犬は無事~『ヒューマン・ボイス』(ネタバレあり)

 ペドロ・アルモドバルの短編映画『ヒューマン・ボイス』を見てきた。ジャン・コクトーの戯曲の翻案である。恋人に出て行かれた女性(ティルダ・スウィントン)が恋人と電話で話すところを撮った30分くらいの映画である。

 戯曲原作だけあってものすごく舞台劇っぽい作品で、1人芝居を撮っているという感じの映画である。しかもこの映画はオシャレなアパートの部屋のセットを組んで、そのセットを上から撮るなど、舞台劇を撮っているかのような撮影をわざとやっている。

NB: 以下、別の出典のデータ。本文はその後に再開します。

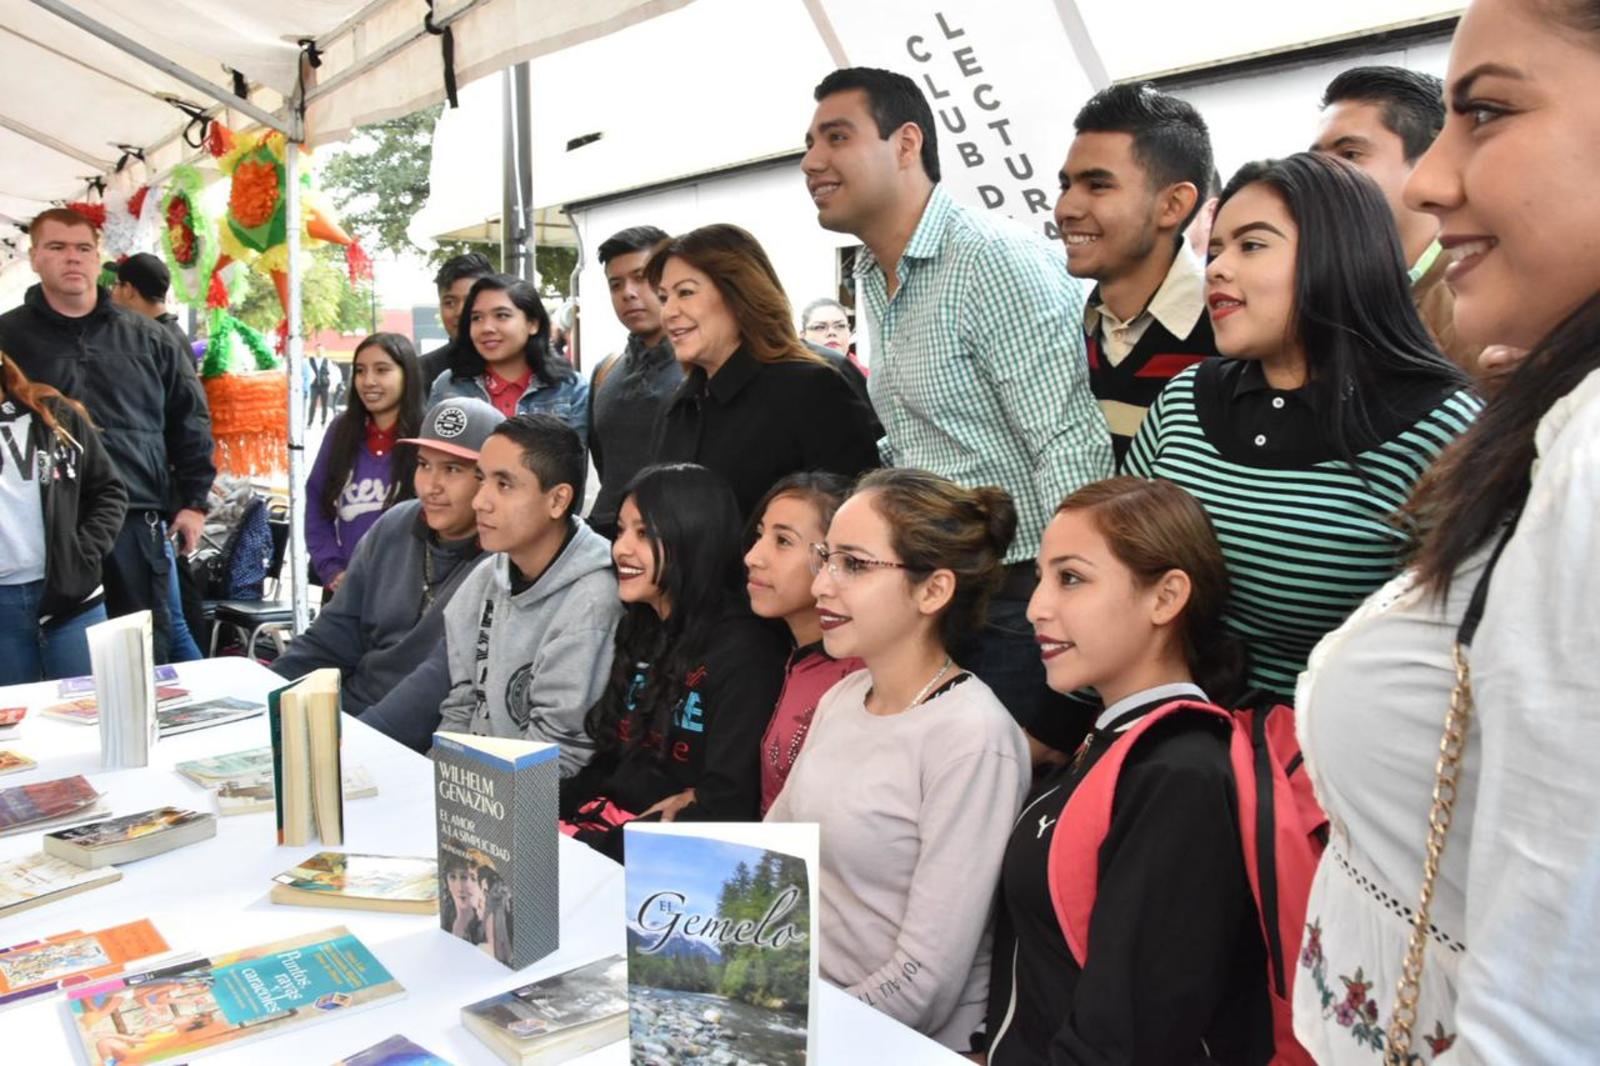 Eventos. La alcaldesa Leticia Herrera Ale, sostuvo un encuentro con jóvenes que participan en diversas actividades. (CORTESÍA)

しかしながら最後でヒロインが犬を連れて建物の外に出て行くようになっており、ここはかなり映画っぽい…というか、いかにも舞台劇風なのに最後の最後に舞台ではできないことをやっており、ここは非常に工夫があると思った。

 なお、ヒロインは恋人の犬をまだ飼っていて(犬も見捨てるとはひどい恋人である)、この犬がかなり長い間画面に映っている。この犬がティルダ様の共演者にふさわしい芸達者である。途中で犬が割れた陶磁器の破片の上に座るところがあってちょっとぎょっとしたのだが(実際に尖った破片の上に座っているわけではないだろうし、これはヒロインの破壊的な衝動や、飼い主に捨てられた苦痛を犬も感じ取っているということだろう)、最後まで無事なので良かった。